▶ **EXERCISE DETAILS**
Would you return the lines between the one holding "Eficacia clínica en" and the one holding "南京晨报4月18日电子版", inclusive, and only those, exactly as they stand in the listing below?

▶ **INPUT DATA**
⁂
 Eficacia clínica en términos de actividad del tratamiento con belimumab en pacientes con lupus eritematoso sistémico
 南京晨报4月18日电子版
⁂
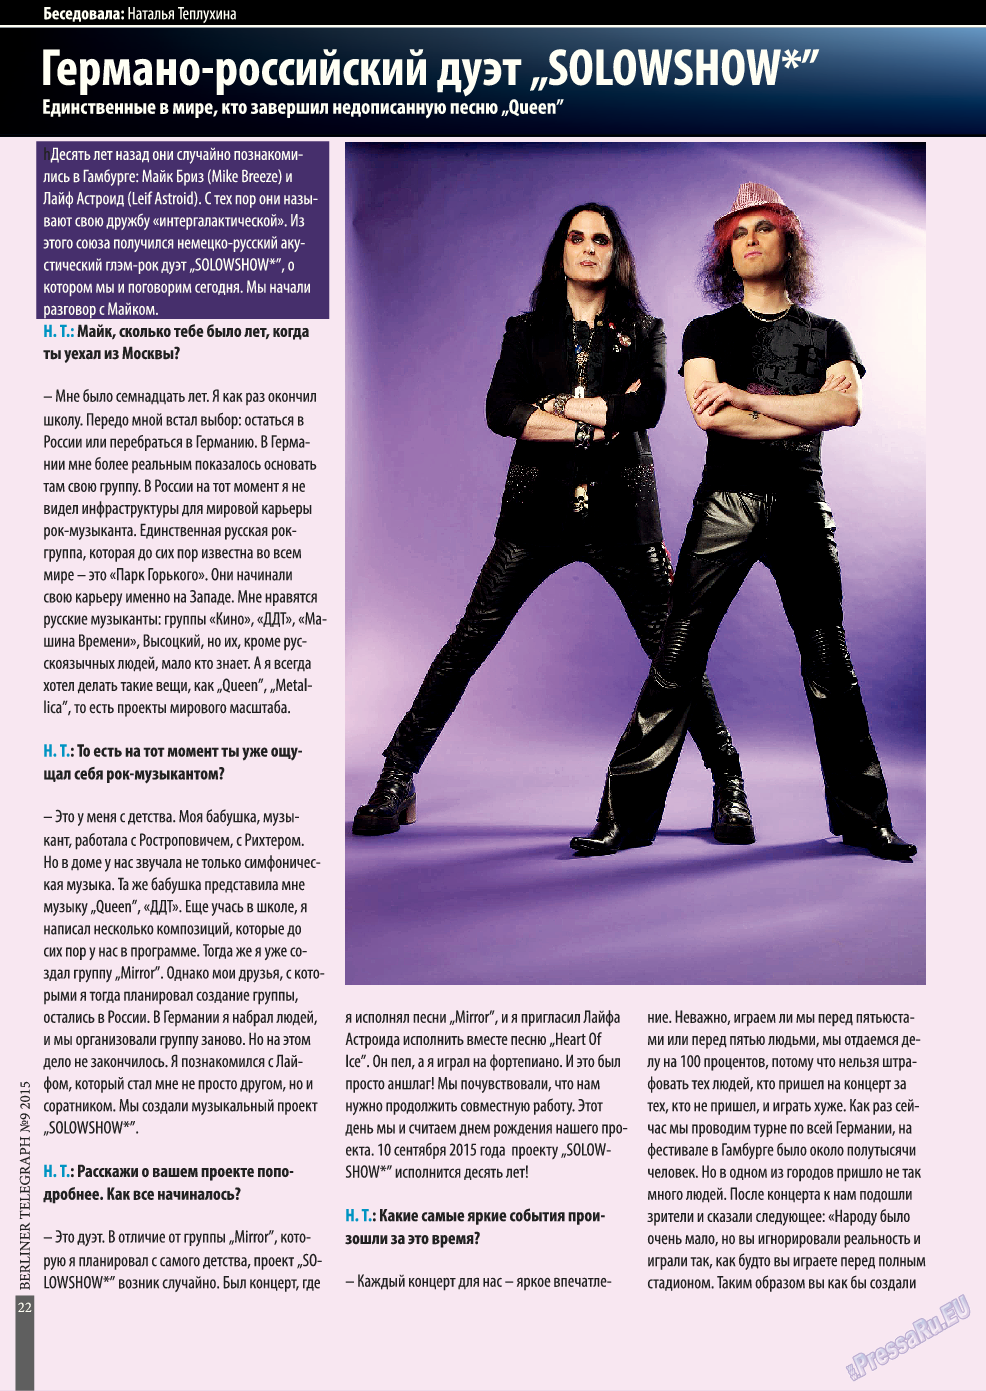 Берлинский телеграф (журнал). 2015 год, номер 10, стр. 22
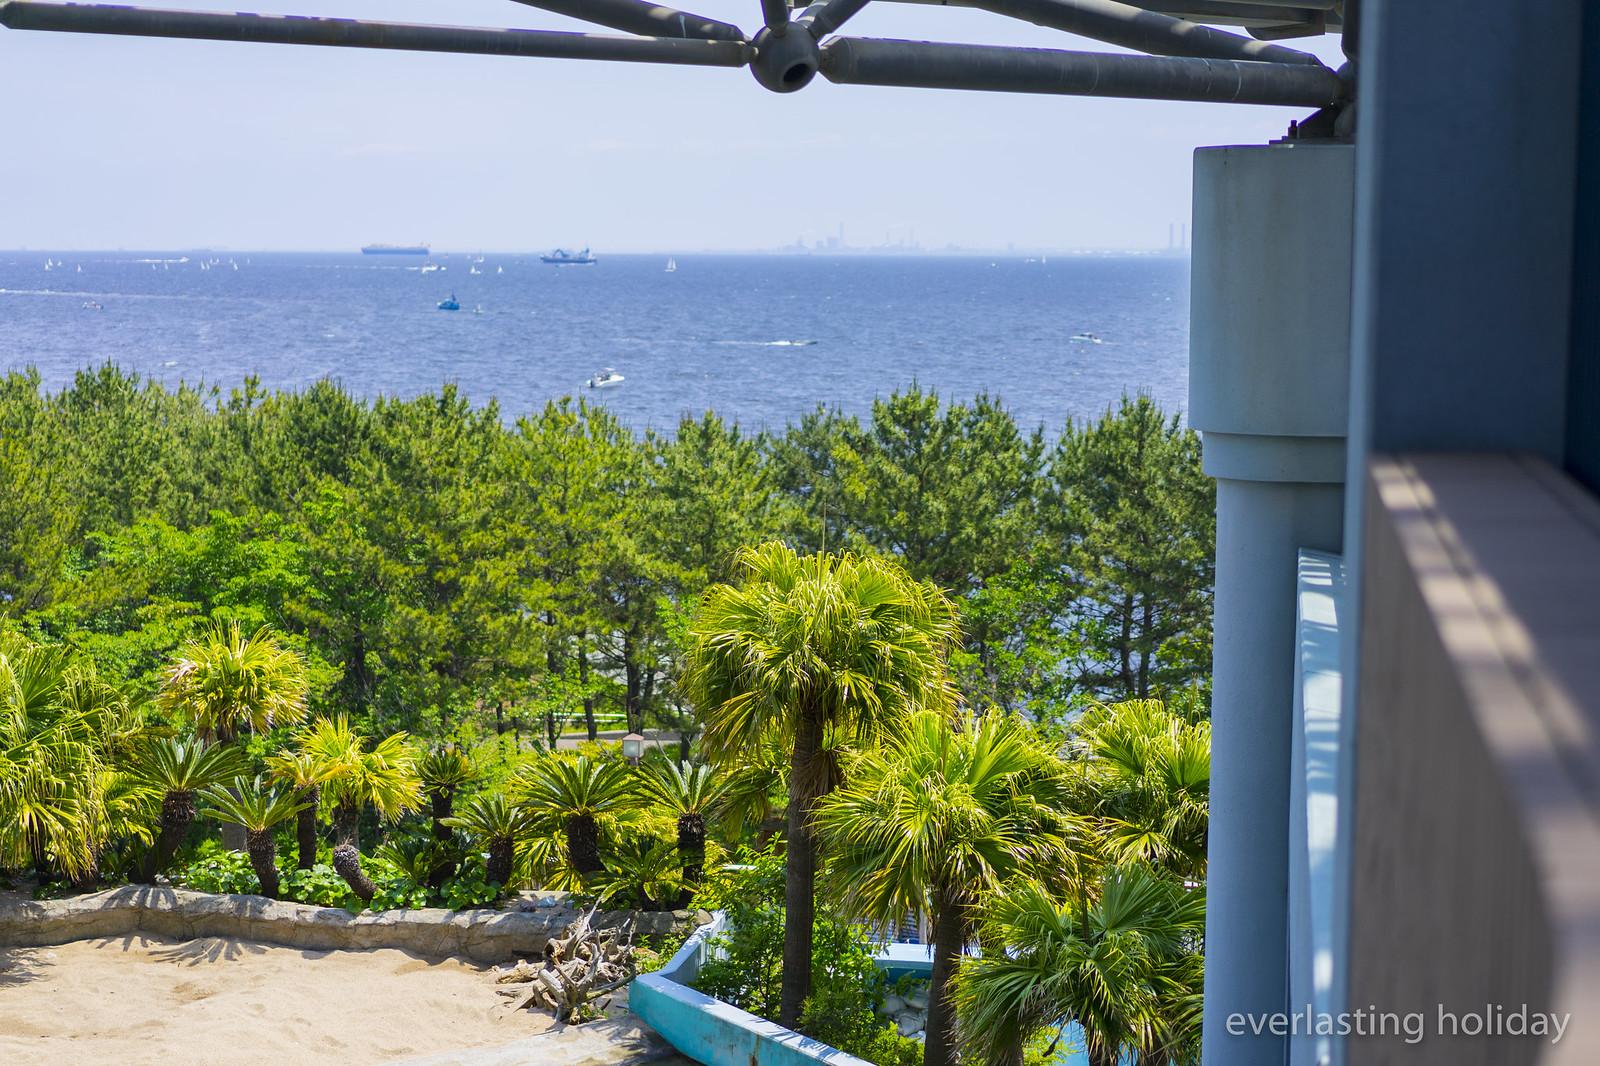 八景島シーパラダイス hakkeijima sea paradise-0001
⁂
▶ **ANSWER TO THIS EXERCISE**
 Eficacia clínica en términos de actividad del tratamiento con belimumab en pacientes con lupus eritematoso sistémico
 南京晨报4月18日电子版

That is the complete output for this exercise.